On the Alignment Between Supervised and Self-Supervised Contrastive Learning

Basic Information

  • Paper ID: 2510.08852
  • Title: On the Alignment Between Supervised and Self-Supervised Contrastive Learning
  • Authors: Achleshwar Luthra, Priyadarsi Mishra, Tomer Galanti (Texas A&M University)
  • Category: cs.LG
  • Publication Date: October 9, 2025 (Preprint)
  • Paper Link: https://arxiv.org/abs/2510.08852v1

Abstract

Self-supervised contrastive learning (CL) has achieved remarkable empirical success, typically producing representations comparable to supervised pretraining. Recent theoretical work has explained this phenomenon, demonstrating that as the number of classes grows, the CL loss tightly approximates a supervised proxy—negative-sample-only supervised contrastive learning (NSCL) loss. However, this loss-level similarity leaves an open question: do CL and NSCL remain aligned at the representation level throughout training, not merely in the objective function?
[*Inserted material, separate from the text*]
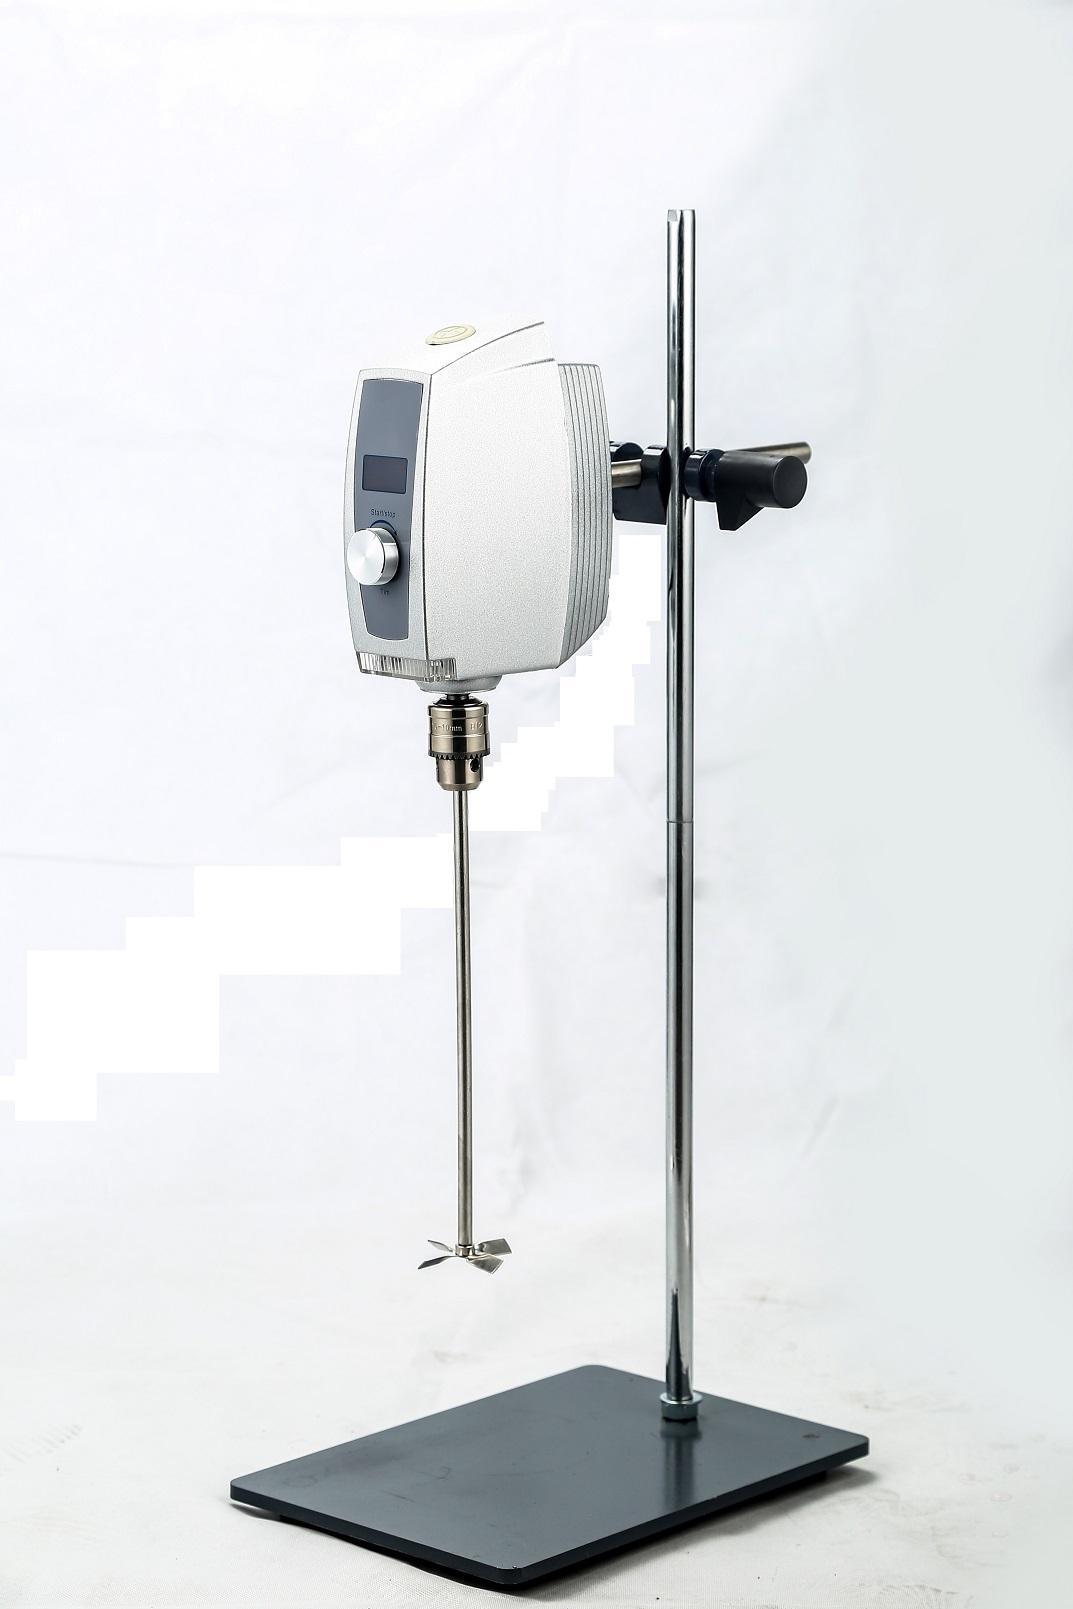 欧之星YK110带扭矩显示搅拌器,计时扭矩显示实验室搅拌器

This paper addresses this question by analyzing representation alignment between CL and NSCL models trained under shared randomness (identical initialization, batches, and data augmentation). The study demonstrates that their induced representations remain similar: specifically, it proves that under realistic conditions, the similarity matrices of CL and NSCL stay close. The bounds provide high-probability guarantees for alignment metrics such as Centered Kernel Alignment (CKA) and Representational Similarity Analysis (RSA), and clarify how alignment improves with more classes, higher temperature, and its dependence on batch size.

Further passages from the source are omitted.